Il a noté la possibilité que l’Iran fasse en fait des concessions plus importantes mais que M. Grossi a accepté de ne pas entrer dans les détails afin de ne pas susciter de critiques du gouvernement de la part du Parlement iranien, qui a néanmoins qualifié l’accord d’“illégal”.

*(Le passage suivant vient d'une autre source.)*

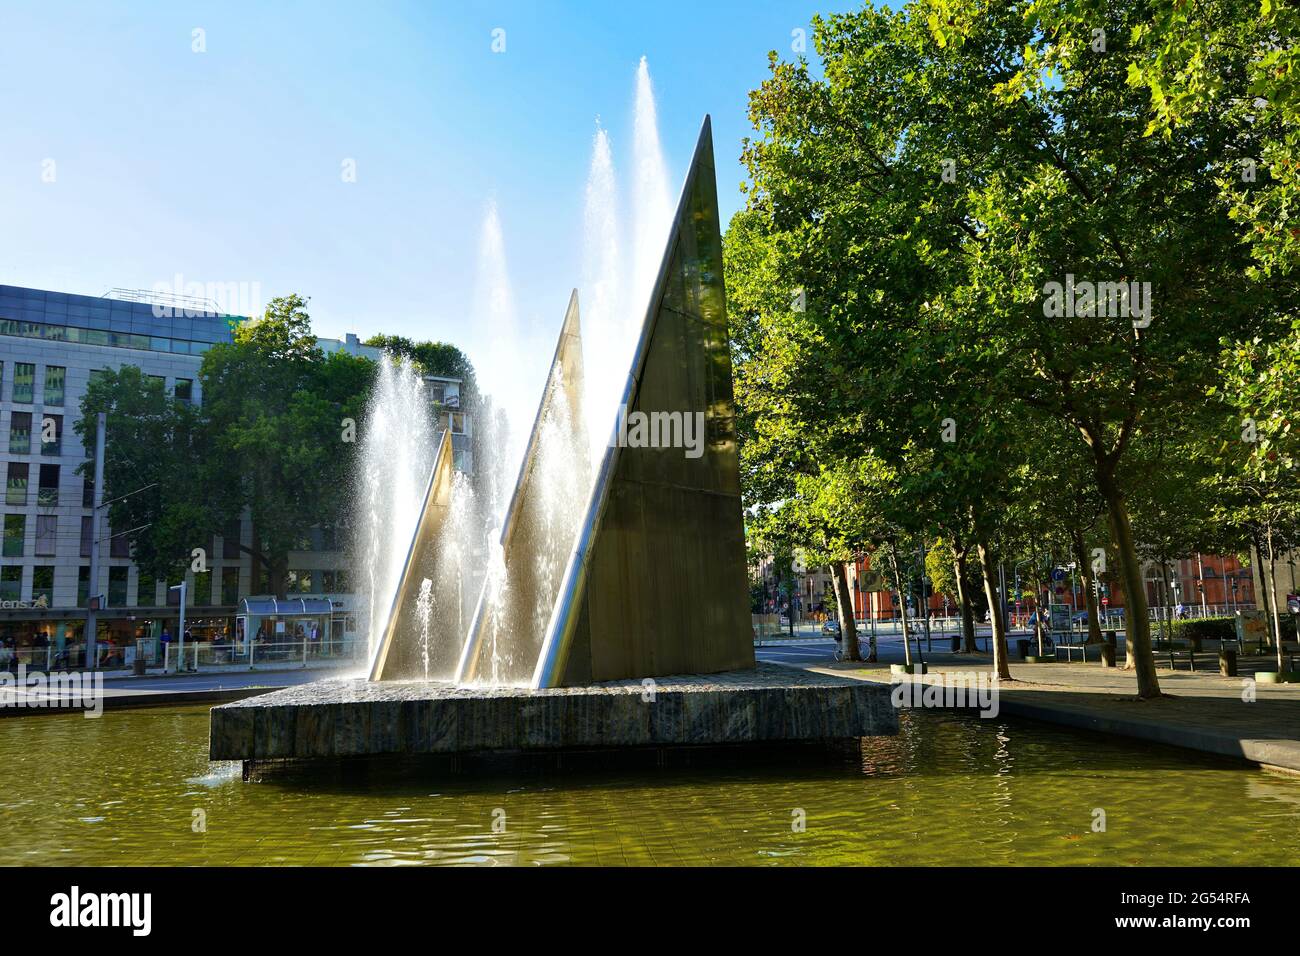 The Three Sail Fountain / Mack Fountain by sculptor Heinz Mack with glistening water in the backlight. It was constructed from 1986 - 1988. Stock Photo

Richard Goldberg, conseiller principal à la Fondation pour la défense des démocraties, a dénoncé le manque d’exigences de clarté de la part de la Maison Blanche.

« Les États-Unis ne devraient pas accepter que les termes de cet accord soient secrets », a-t-il déclaré.

Alors que l’administration de l’ancien président américain Donald Trump avait mené une politique de « pression maximale » contre l’Iran, Biden a signalé une approche plus conciliante, tout en laissant les sanctions réimposées en place. Vendredi, M. Biden a déclaré que les États-Unis étaient « prêts à reprendre les négociations avec le P5+1 sur le programme nucléaire iranien ».

Goldberg a déclaré que les Iraniens avaient testé leurs limites en violant l’accord nucléaire, et qu’ils voyaient maintenant jusqu’où ils pouvaient pousser l’administration Biden. Il a noté une attaque des milices soutenues par l’Iran sur Erbil dans le nord de l’Irak, dans laquelle un entrepreneur étranger a été tué et un membre des services américains a été blessé, ce qui n’a eu « aucune conséquence pour l’Iran ».

« Ils vont ensuite tester les sanctions existantes et voir si elles seront appliquées », a prédit M. Goldberg. « Les sanctions non appliquées sont identiques à la levée des sanctions ».